# EDC Catty designs



## Grizzly Bear (Mar 6, 2017)

Do you know where I could find some small (EDC) carry slingshots that I can even hunt with? Please put links and I'm willing to buy one from a vendor if I like it. Thanks


----------



## brucered (Dec 30, 2015)

https://simple-shot.com

Any slingshot is capable of hunting if you use the proper ammo, bands and have good aim to make a humane kill.


----------



## Imperial (Feb 9, 2011)

brucered said:


> https://simple-shot.com
> 
> Any slingshot is capable of hunting if you use the proper ammo, bands and have good aim to make a humane kill.
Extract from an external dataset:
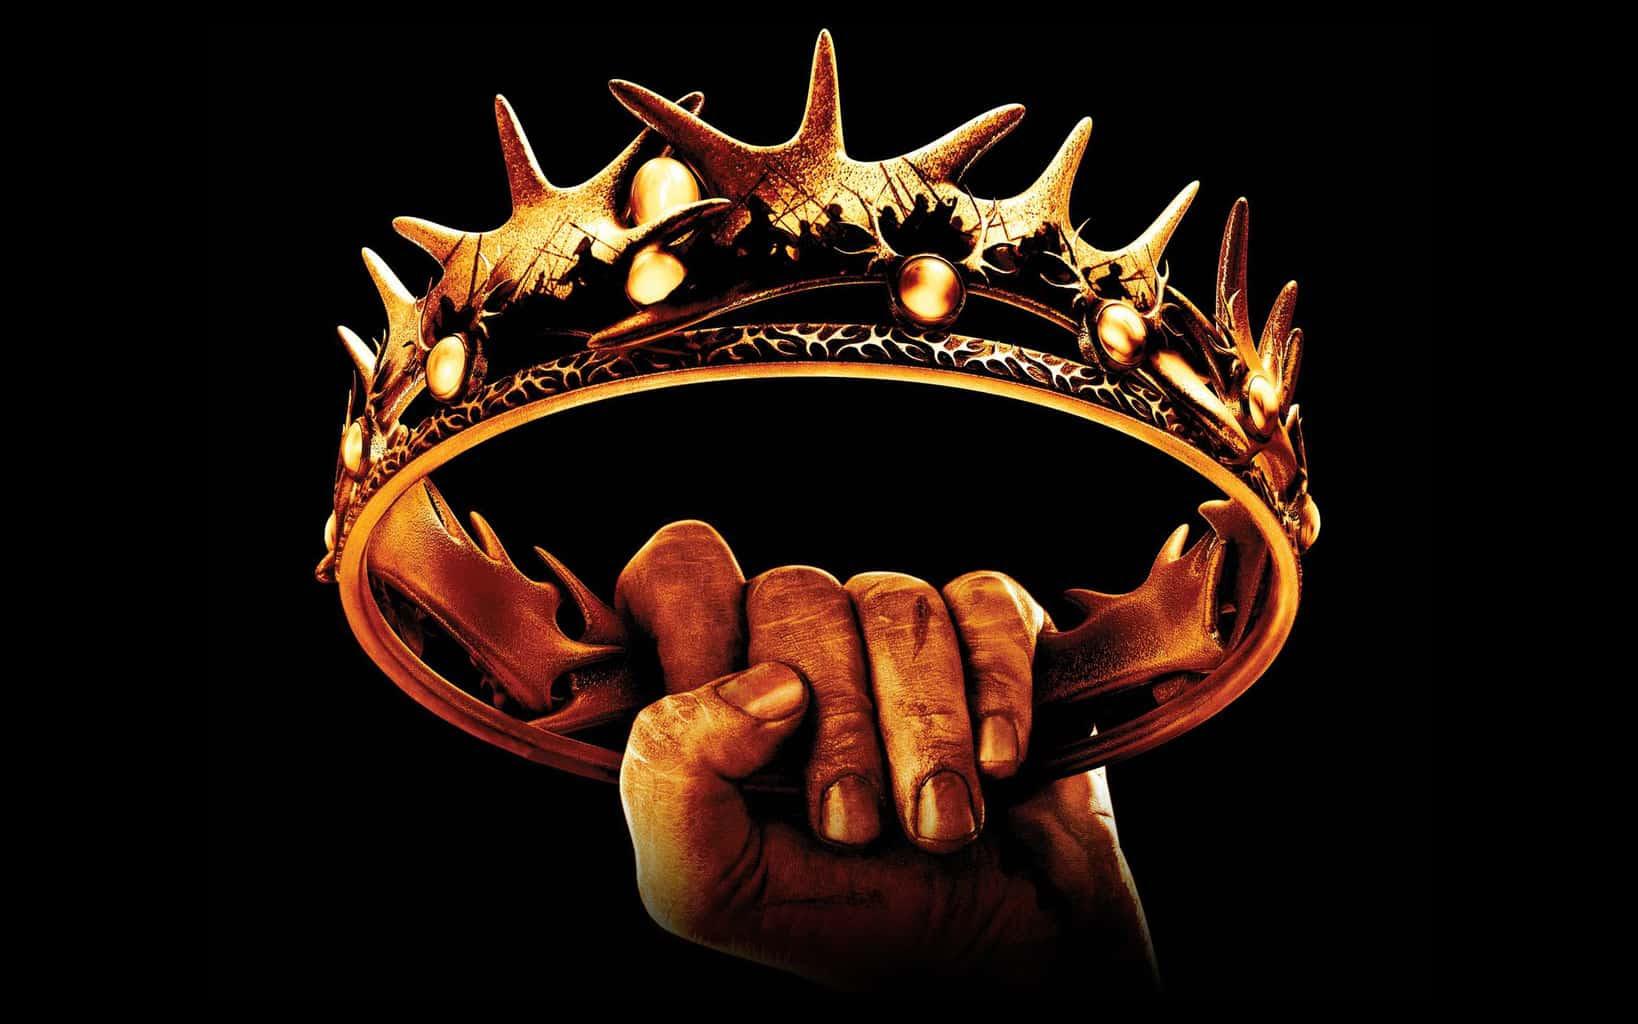 Znalezione obrazy dla zapytania game of thrones season 2

this is true. its a tool until the person using it turns it into a weapon.

for example- a pencil is just a writing utensil until someone uses as a dart for ammo.


----------



## Tony the slinger (Sep 25, 2015)

Simple Shot has a lot of great slings at a low price and I would highly recommend them. If you shoot TTF, my Trout design is fairly compact and comes in high quality plywood. Hope you find something you like!


----------



## Clang! (Jan 16, 2017)

There's OPFS template available online. Also, there was an Altoids tin competition a while back

http://slingshotforum.com/topic/15639-altoid-tin-build-off/

If you're really brave, you can always go frameless.

And, if you're willing to wait for the China post, there's Dankung flat stock slingshots

http://www.dankung.com/outdoor-products/field_category/dankung-slingshots-8/field_category/flatband-dankung-slingshots-9?ici=menu


----------



## mattwalt (Jan 5, 2017)

RatSucker - where are you based? you in the US or UK? Depending on where you're based there may be different requirements for EDC. Uk you'd may want super compact... or if you toss in a bag may not be too phased.


----------



## Grizzly Bear (Mar 6, 2017)

I'm based on west U.S.


----------



## Tag (Jun 11, 2014)

The boy shot by Bill Hays. It's in the template section here on the forum. They are made out of 6061 aluminum.


----------



## Grizzly Bear (Mar 6, 2017)

Ty


----------